Volume 2, No. 7, 10 April 2003

In this Issue:

 

Red Alert

Tribute to Chris Hani

By: Blade Nzimande and Jeremy Cronin (SACP General and Deputy General Secretaries)

Ten years ago, the serving general secretary of the SACP, Chris Hani was gunned down in his drive-way. South Africa appeared to be teetering on the brink. For some three years, the multi-party negotiations had stumbled along at the World Trade Centre, not very far from Hani's East Rand home. By early April 1993, the talks had been stalled for months. The De Klerk regime had still not come to terms with the inevitability of an ANC-dominated democratic government.

Looking back on the period of 1990 to 1994, many commentators now hail our "peaceful" negotiated transition. In fact, deaths and injuries in political violence had soared to unprecedented levels in the very midst of the negotiations. Death squads were unleashed on commuter trains and townships. War-lords with IFP and police connections were escorted into ANC-supporting squatter camps to shoot and plunder. This was the case in Boipatong, hostels in Soweto, Thokoza, Shell House, during the 7-day war in Pietermaritzburg, and in trains in Gauteng. Key ANC and alliance grass-roots leaders were systematically targeted and eliminated. The apartheid regime was negotiating, in a stop-start fashion, but a bitter "low" intensity conflict was part of its negotiations strategy.

Those who assassinated cde Chris admitted to the TRC that they intended to provoke a violent racial back-lash. They calculated that random revenge killings on whites would escalate into a racial civil war, putting a definitive end to any prospect of negotiations, and therefore of majority rule.

The assassination of cde Chris achieved precisely the opposite. The assassination of one of the most popular of all South African political leaders sent shock-waves through our country and throughout the world. It provoked huge waves of popular mobilisation.

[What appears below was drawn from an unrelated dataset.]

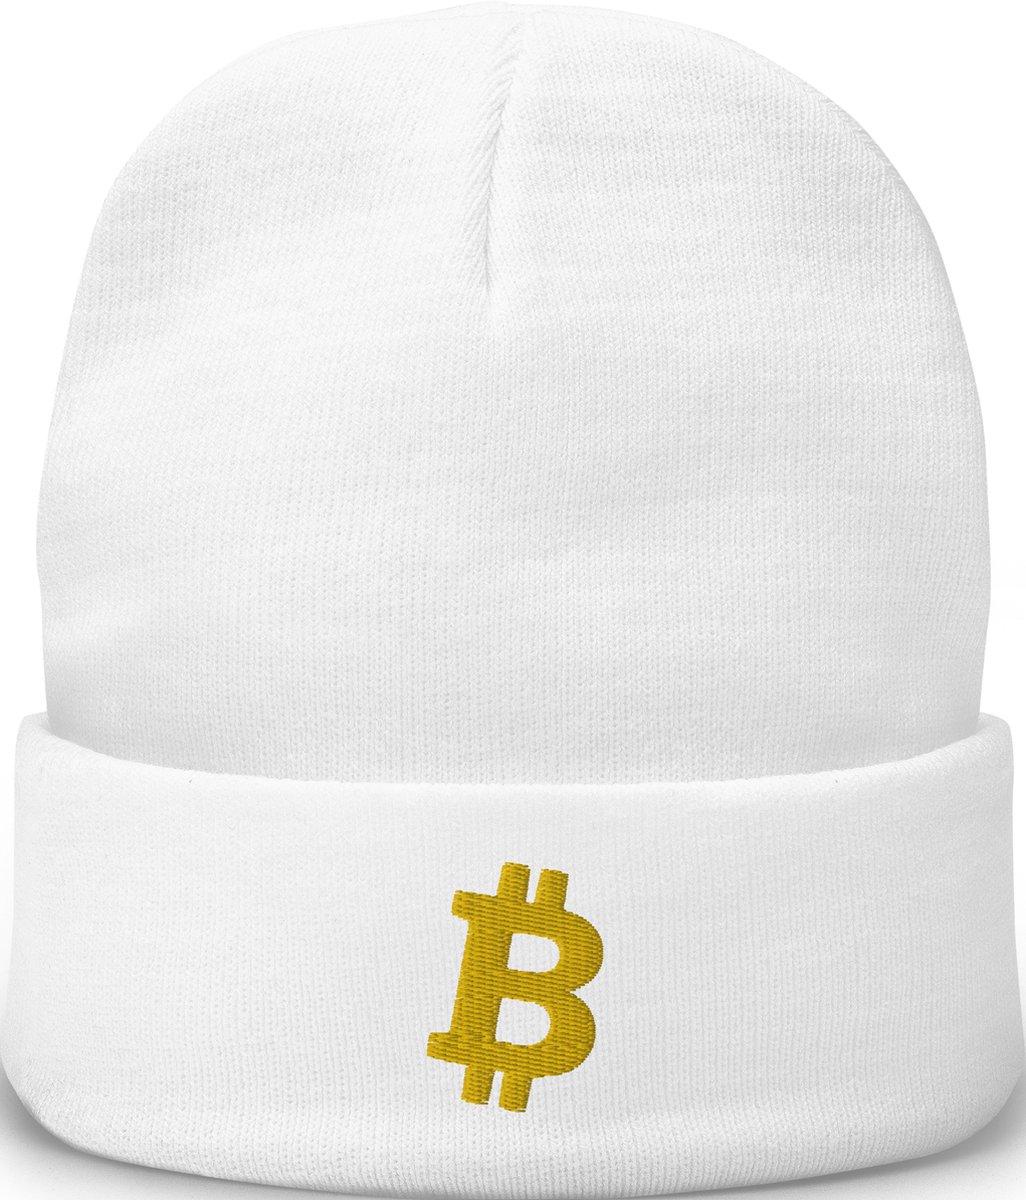 Witte Beanie Winter Muts Met Goud Kleurig Geborduurd Bitcoin Logo| Bitcoin cadeau| Crypto cadeau| Bitcoin Muts| Crypto Muts| Bitcoin Beanie| Crypto Beanie| Bitcoin Merch| Crypto Merch| Bitcoin Kleding| Crypto Kleding

Many observers at the time noted that it was precisely in the days following cde Chris's death, on the streets of South Africa, that de facto power in our country shifted, finally and definitively, from the National Party government to Nelson Mandela's ANC.

While for days a speechless FW De Klerk "was attending a protracted family function" in Steynsburg, cde Mandela was anxiously shepherded onto what was still an apartheid-dominated SATV to appeal to the nation for militant calm, for resoluteness, and for a definitive date for one-person one-vote elections in our country. On the 26th of April 1993, the National Party government finally caved in, agreeing to a firm election date one-year hence. The rest is history.

All of the above is well known. But it is critical that we never cease remembering and re-telling it. How we go forward into our future is very much determined by how we recall our past. And make no mistake, the democratic transition to which cde Chris contributed so much, including his own life, is a transition whose meaning is constantly threatened by a fog of re-interpretation.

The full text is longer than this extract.